The differential educational curricula and pay structures aren’t incidental – they are weapons of the powerful. In a world where the humanities are female-dominated and STEM male-dominated, where the disciplines themselves act out the treatment received by their student pools (the humanities, oppressed, women, and STEM, majority, men), belittling the humanities is directly belittling the people who populate its classrooms, overwhelmingly women.
The solution lies in striving for a world which pays, and respects, the arts and the sciences just the same. Which makes STEM curricula more holistic, and educational access easier for women, especially in developing countries. It frightens me how the courses most people want to study in India keep the most important issues, those of fundamental rights, at bay, making only a small section, the outcasts, the “humanitarians” aware at all.

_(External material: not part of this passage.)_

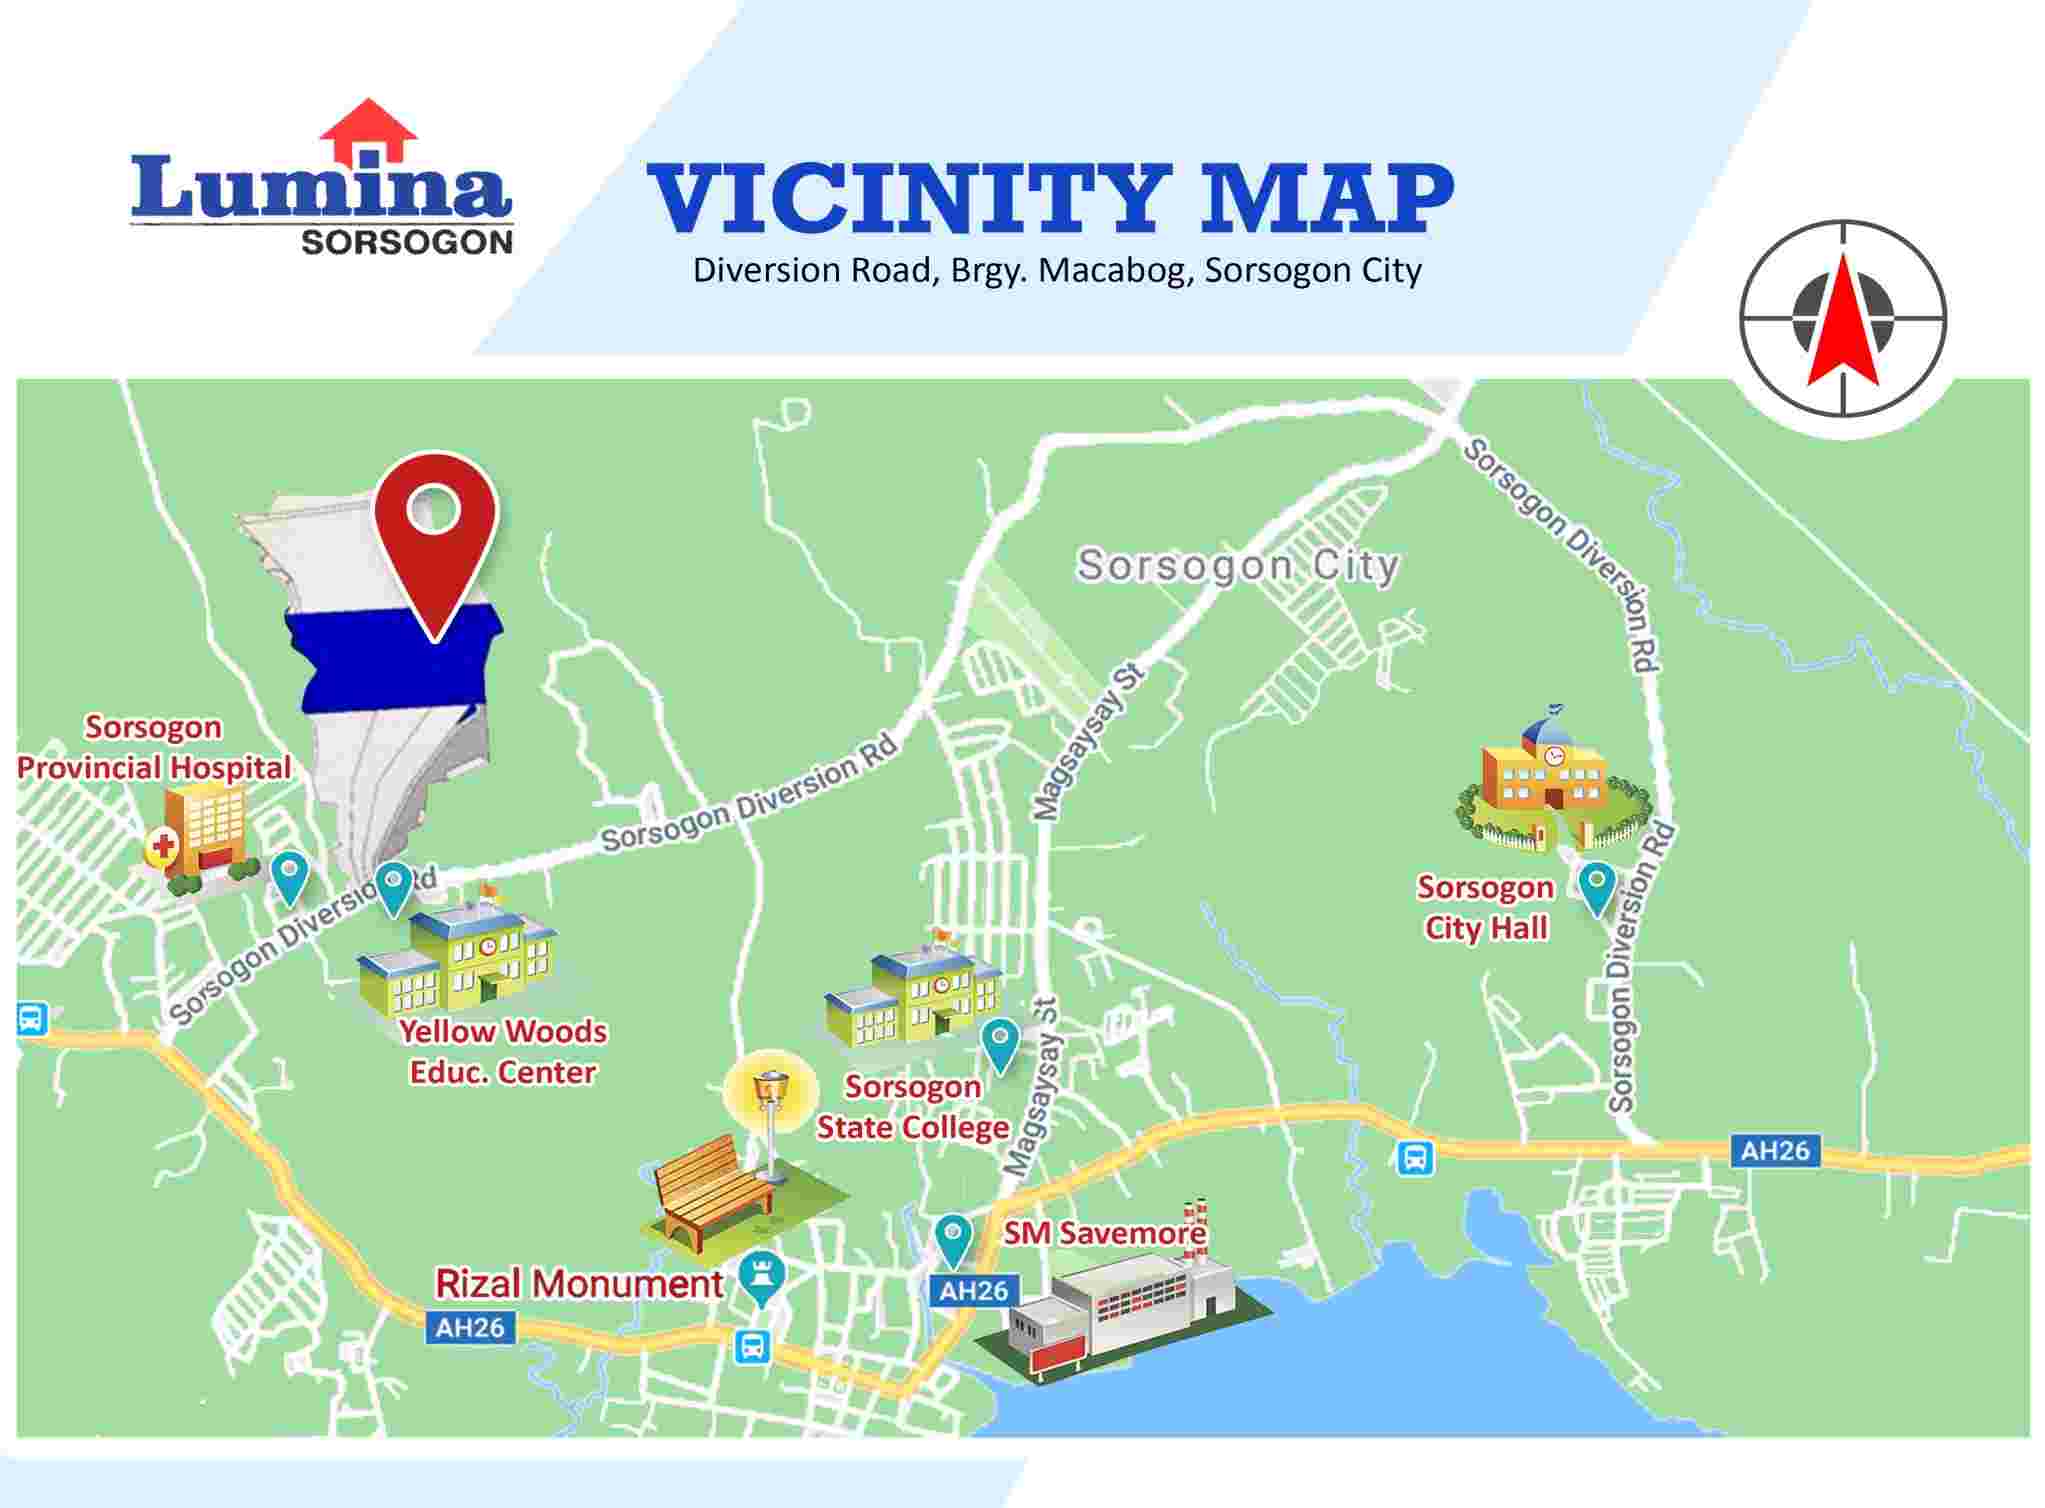 Vicinity-Map-1636420615.jpeg

However, they ARE aware – more than in the past. And that is one progressive step, in an imperfect world. The world is imperfect because even the humanities themselves aren’t safe havens for career-oriented women. There have been shocking cases of renowned academicians endorsing regressive views, and the humanities have managed to stand up for only select minorities. While it endorses feminism, discourse is notably meagre around the rights of the “lower castes” or people with disabilities, to name a few. While those with the good fortune to receive a liberal education boldly take up the feminist or queer cause in many cases, the humanities have not been able to, yet, do enough to make campaigning for the latters’ causes extremely widespread.
At the same time, women in STEM workplaces have shown considerable valiance in standing up for their rights, making the educational worlds explored in this article as grey as the real world we inhabit. However, the humanities do provide course material that arm people with better knowledge about their rights, and it is only a matter of time before it spreads out into greater inclusion than it already supports – making STEM curricula further modeled on it will equal making at least one soul in the world more liberal, at a time.